Il mondo Lgbtq è percorso da Sunil Gupta e Sage Sohier: il primo, con Pretended family relationships, documenta le lotte «against the Clause», la nota clausola 28 emanata da Thatcher negli anni ottanta in cui si vietava la promozione ed educazione all’accettazione dell’omosessualità. Sage Sohier inizia a fotografare coppie omosessuali nel 1987, mostrandone la longevità, la tenerezza nell’accudimento degli anziani genitori e la «piatta» routine quotidiana, rompendo cosi la monotonia di una narrazione di vite affettive necessariamente e sempre promiscue. Quelli che si sono conosciuti facendo trekking, quelli che studiavano insieme all’università, due che si sono innamorati in Grecia d’estate e altri due che si sono incontrati per caso davanti ad un teatro perché c’era un biglietto in più per il concerto. Questo però a Odessa, a Chernihiv, a Gorlovka come a Dnipro, a Jaroslavl’ o a Voronez.

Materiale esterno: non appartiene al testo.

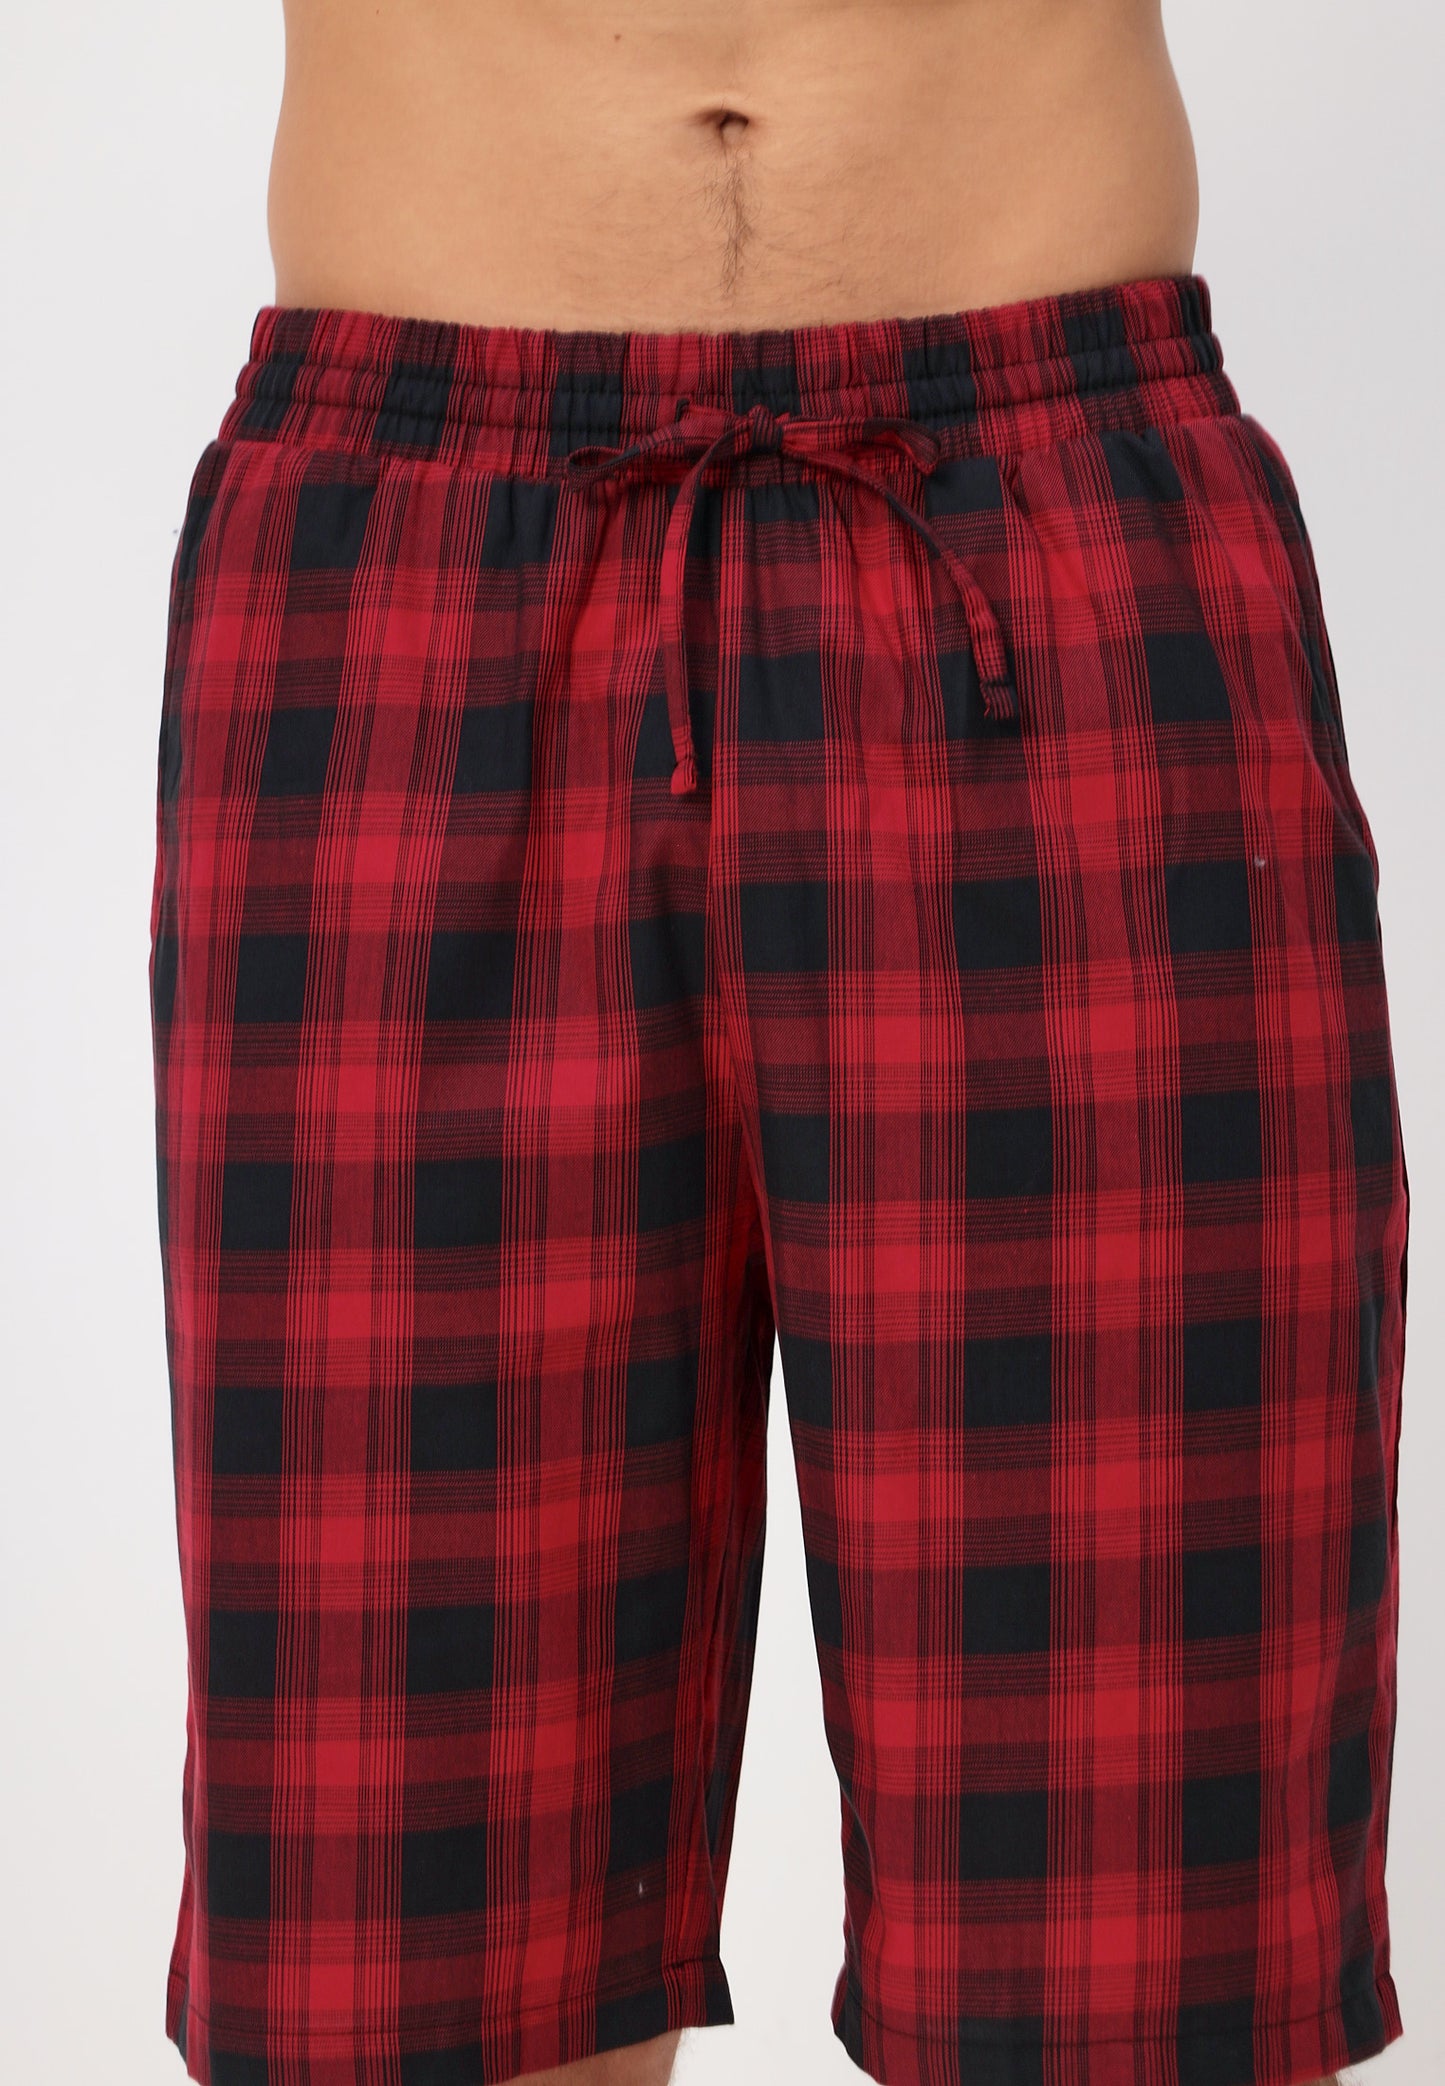 Zweiteiliges Set Herren Pyjama Set - Kurzarm Shirt und kurze Karierte Pyjamahose aus Baumwolle LMS-6438 Schwarz/Rot

Nomi di luoghi che risuonano ormai quotidianamente nelle nostre case e che sono anche i posti in cui, da decenni oppure da pochi anni, si sono formate – fra Russia e Ucraina – le coppie raccontate in Familia (2014 – ongoing) da Oksana Yushko. Ucraina che da sempre vive in Russia, Yushko ha iniziato ritraendo Engelina (russa) e Viktor (ucraino), i suoi genitori in coppia da cinquant’anni dopo l’incontro all’università a Charkiv. Il suo lavoro ha poi incontrato Tatyana, ucraina che ha raggiunto Sergey e vive con lui a Zeya nella regione dell’Amurskaya nell’estremo oriente russo, a seimila chilometri da Chernihiv, e la siberiana Irina che ha raggiunto Bohdan nell’Ucraina dell’ovest, o infine Maxime, kazako nato a Karaganda e Darya, ucraina. Si baciano sul divano, avranno vent’anni e sono bellissimi. La città di Darya – Sumi – a 30 chilometri dal confine russo, è stata lasciata dai russi, devastata, due mesi fa, l’8 aprile del 2022.